## Instructions for the task
Return the stretch from the line with "PanelTech 48CC 49CC" through the line with "FlagDay201710.JPG" in the data below, character for character, skipping all pictures.

## Record extracts
---

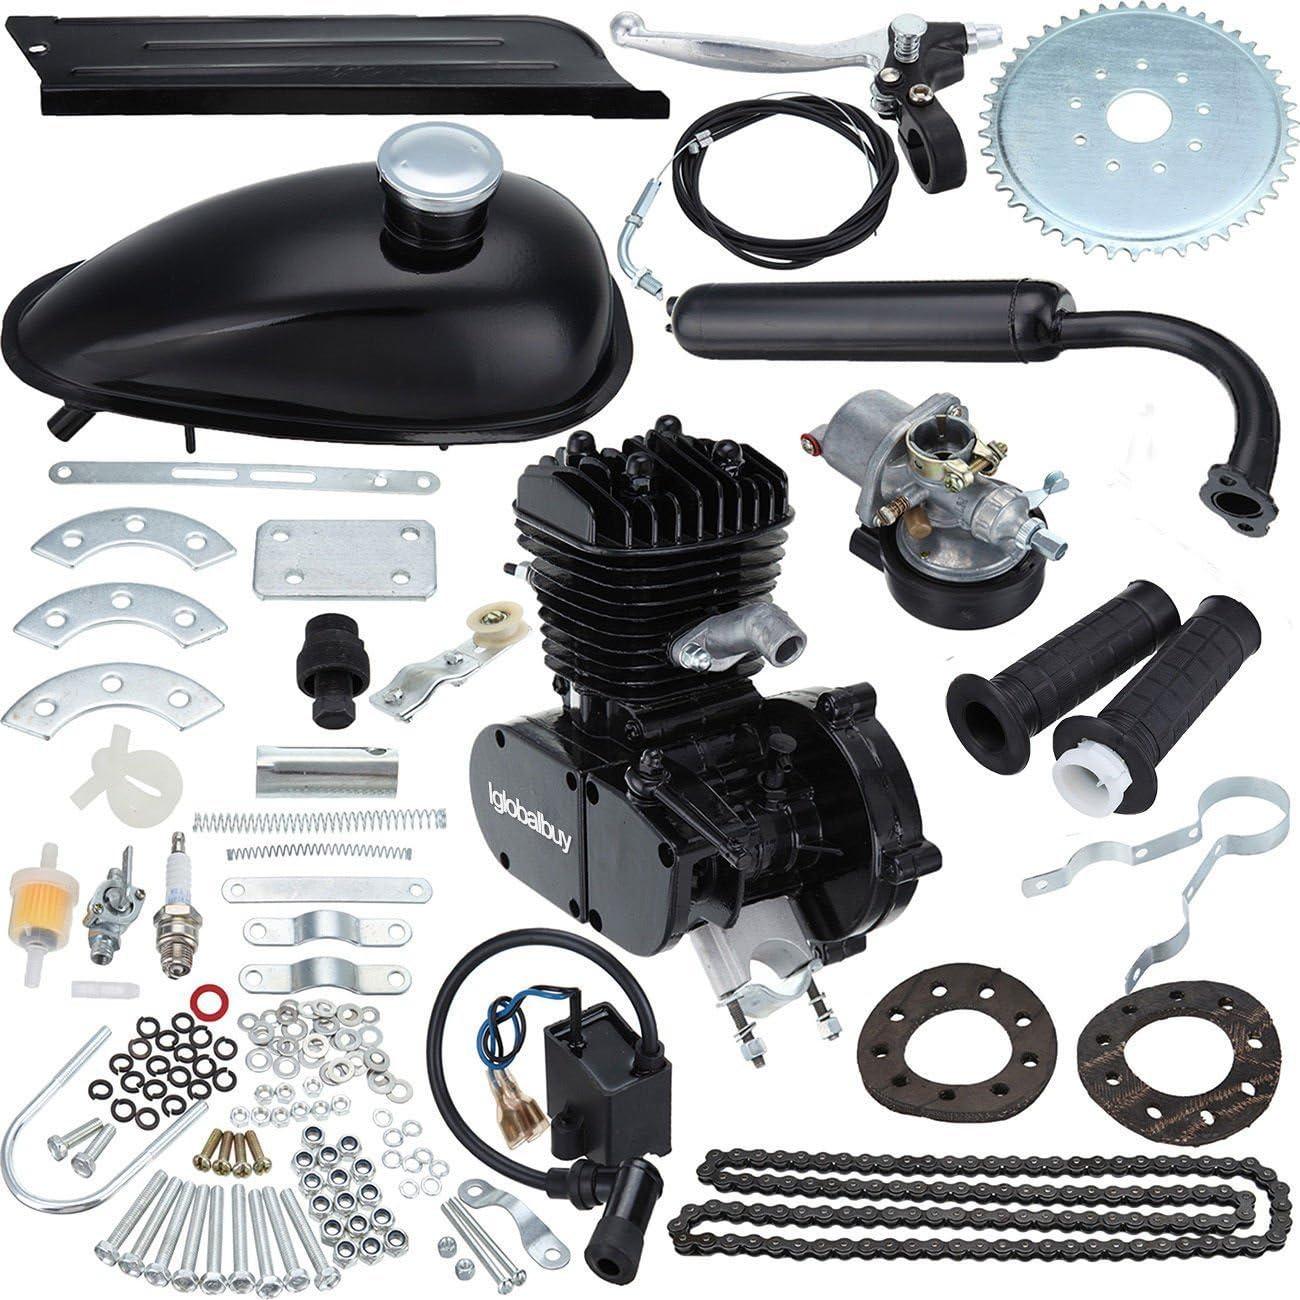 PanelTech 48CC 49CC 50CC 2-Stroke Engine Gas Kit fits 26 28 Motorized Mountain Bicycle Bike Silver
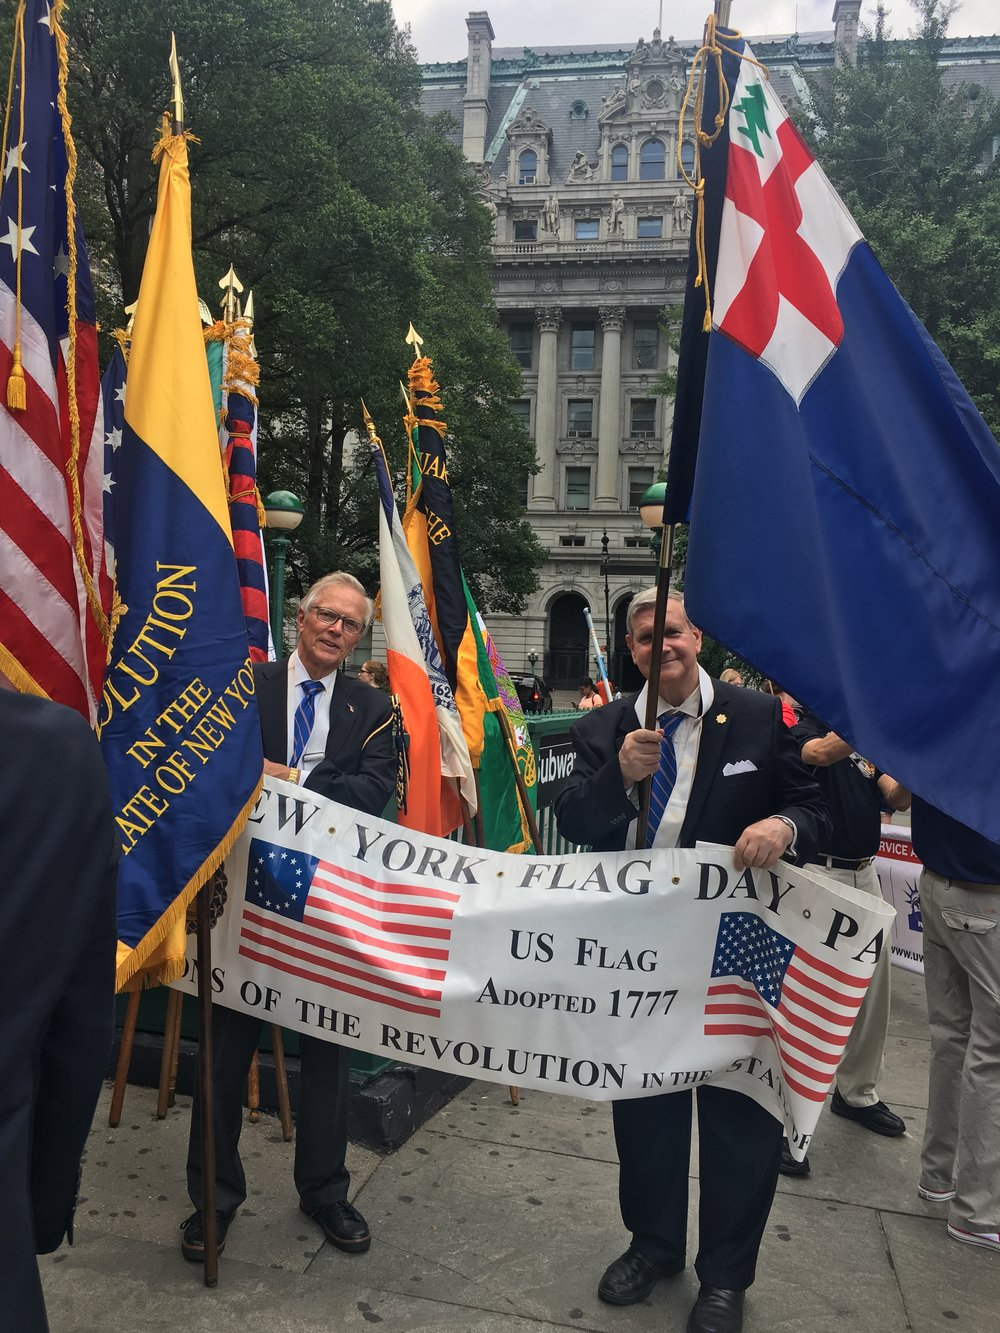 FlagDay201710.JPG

---

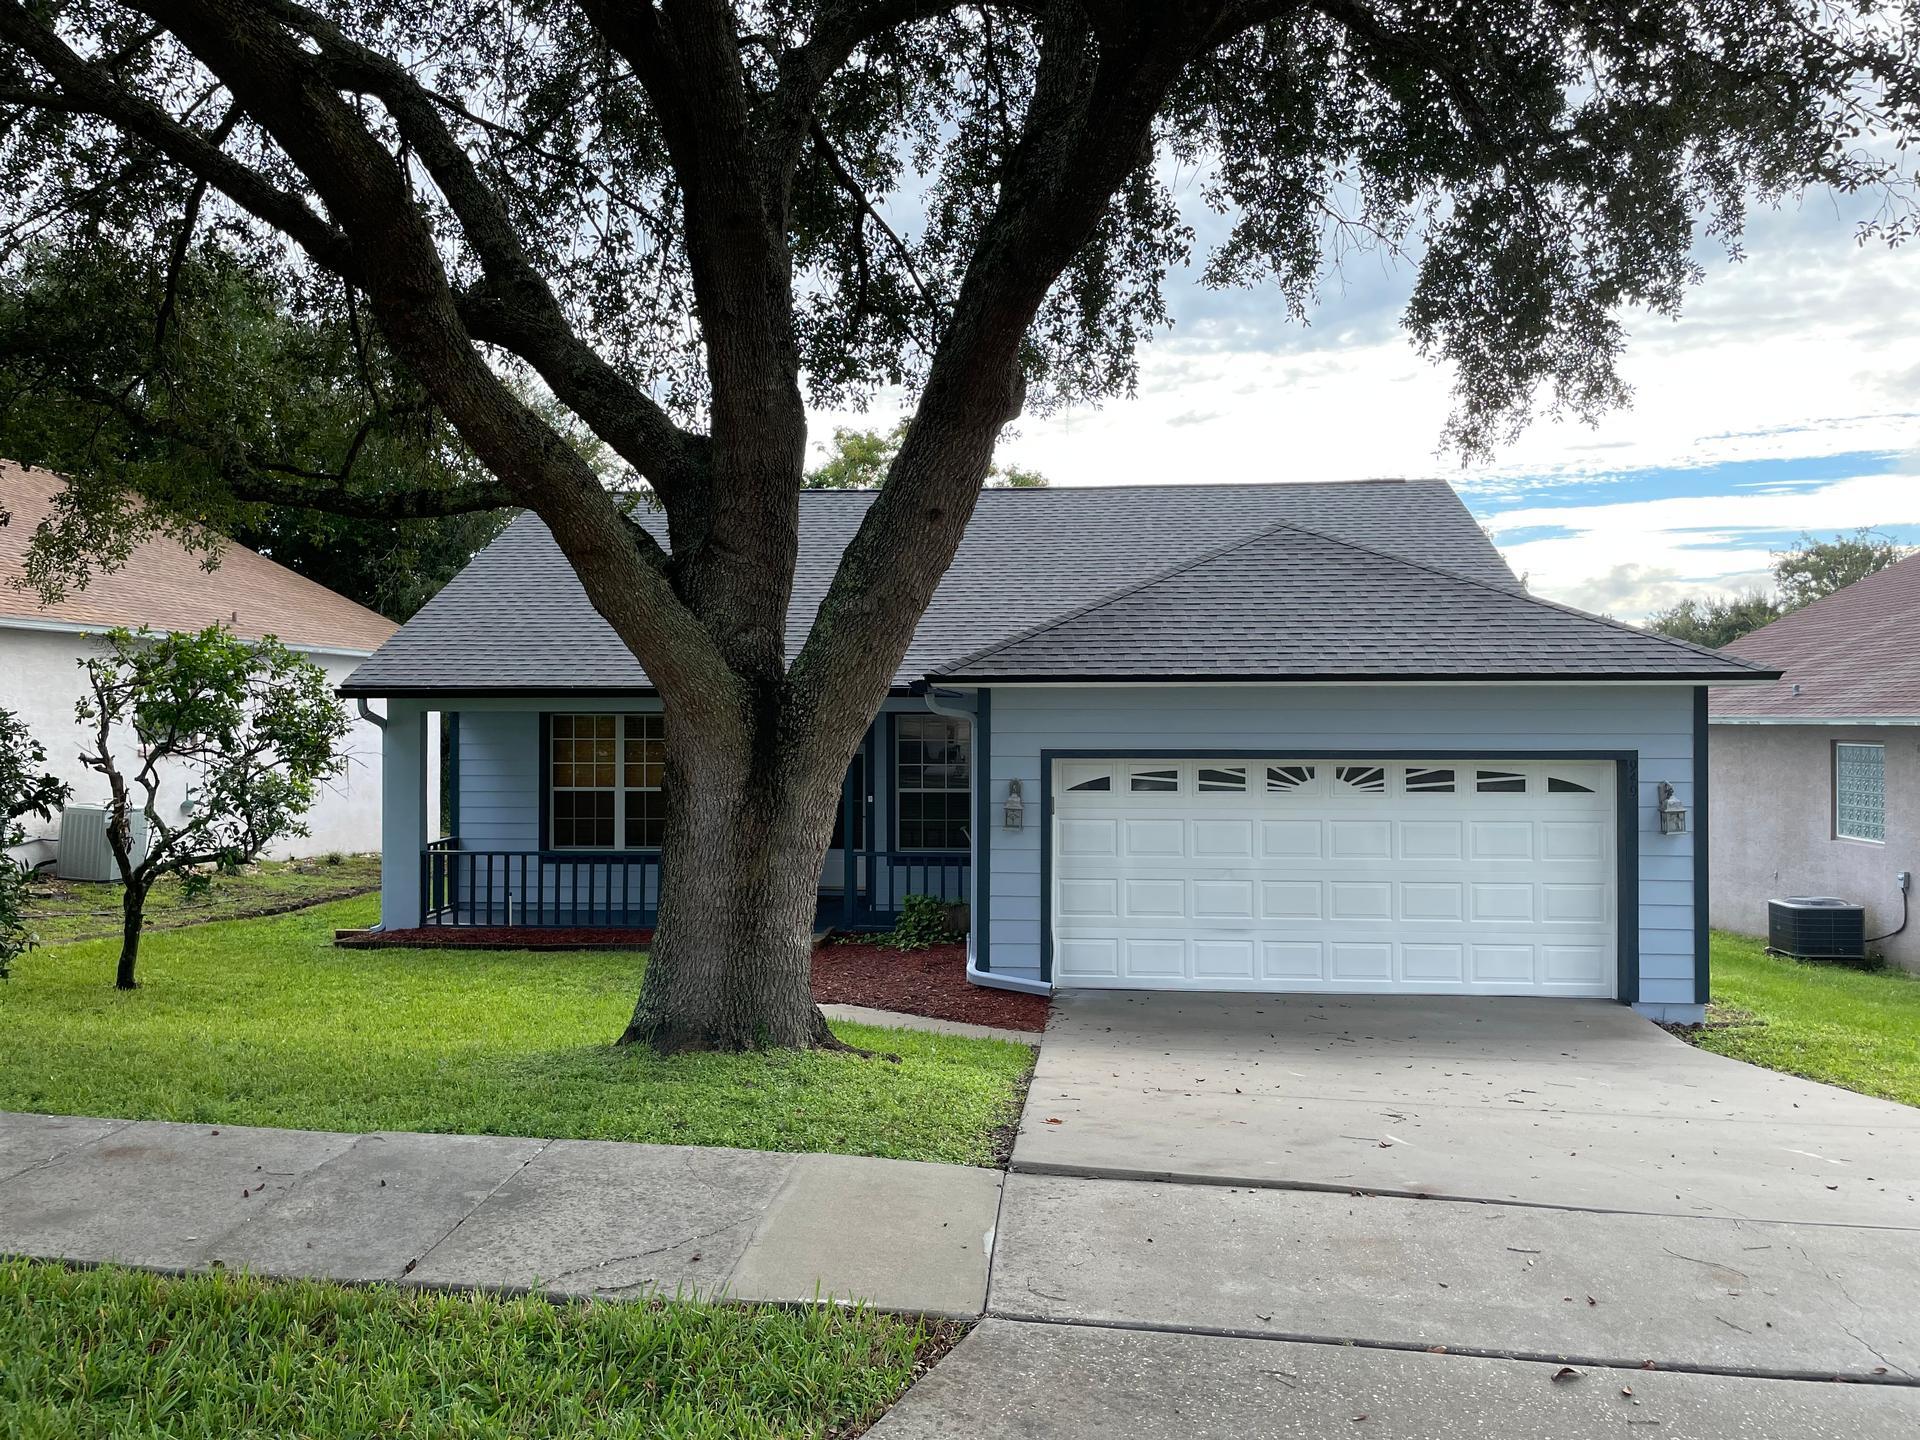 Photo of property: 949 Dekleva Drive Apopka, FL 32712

---

## Your response
 PanelTech 48CC 49CC 50CC 2-Stroke Engine Gas Kit fits 26 28 Motorized Mountain Bicycle Bike Silver
 FlagDay201710.JPG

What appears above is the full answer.